Second agent interaction of 'echo' agent

Notice the result of the tool - we asked the agent to call EchoTool2 with the parameter "Hello World". Unlike the first echo tool, this time the tool result was 8a069182-4a95-4c19-903c-cabb3dac3612Hello World. This is because the Compose action input expression was concat(guid(), agentParameters('Input')). In this manner you have fine-grained control over the parameters passed to your logic app connectors and built-in actions. The values can be static, fully replaced by LLM-generated parameters, dynamically generated via functions like guid(), or a combination of all three.

You can trace the same flow in monitoring view again. See how the LLM-provided tool parameter is "Hello world", but the interpolated input for the Compose action is 8a069182-4a95-4c19-903c-cabb3dac3612Hello World which gets echoed back.

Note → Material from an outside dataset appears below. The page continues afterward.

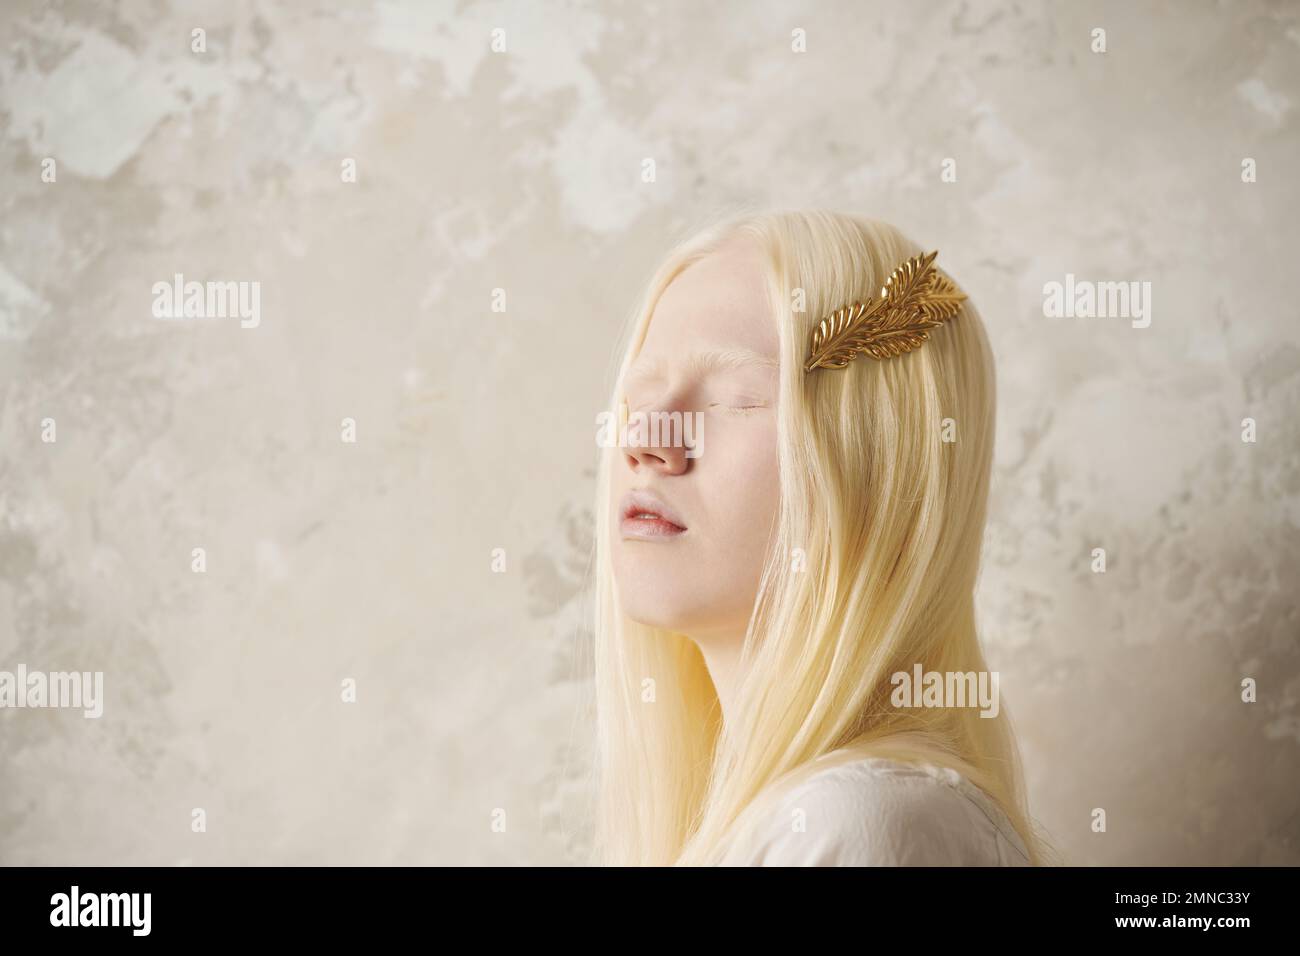 Jeune belle albino femme avec une épingle à cheveux dorée dans de longs cheveux blonds en gardant les yeux fermés tout en se tenant contre un mur de marbre Banque D'Images

Monitoring view of tool in second agent interaction of 'echo' agent

Monitoring view of action second agent interaction of 'echo' agent

Conclusion

You have several options to configure the inputs for actions in agent tools:

  • You can use static parameters when the value should be consistent regardless of LLM behavior.
  • You can set a field wholly to an agent parameter when its value should be determined by an LLM.
  • You can mix and match static, dynamic (via expressions), and LLM-generated content into a single action field for granular control over its format.

The monitoring view provides full traceability into how these parameters are generated and flow through to actions.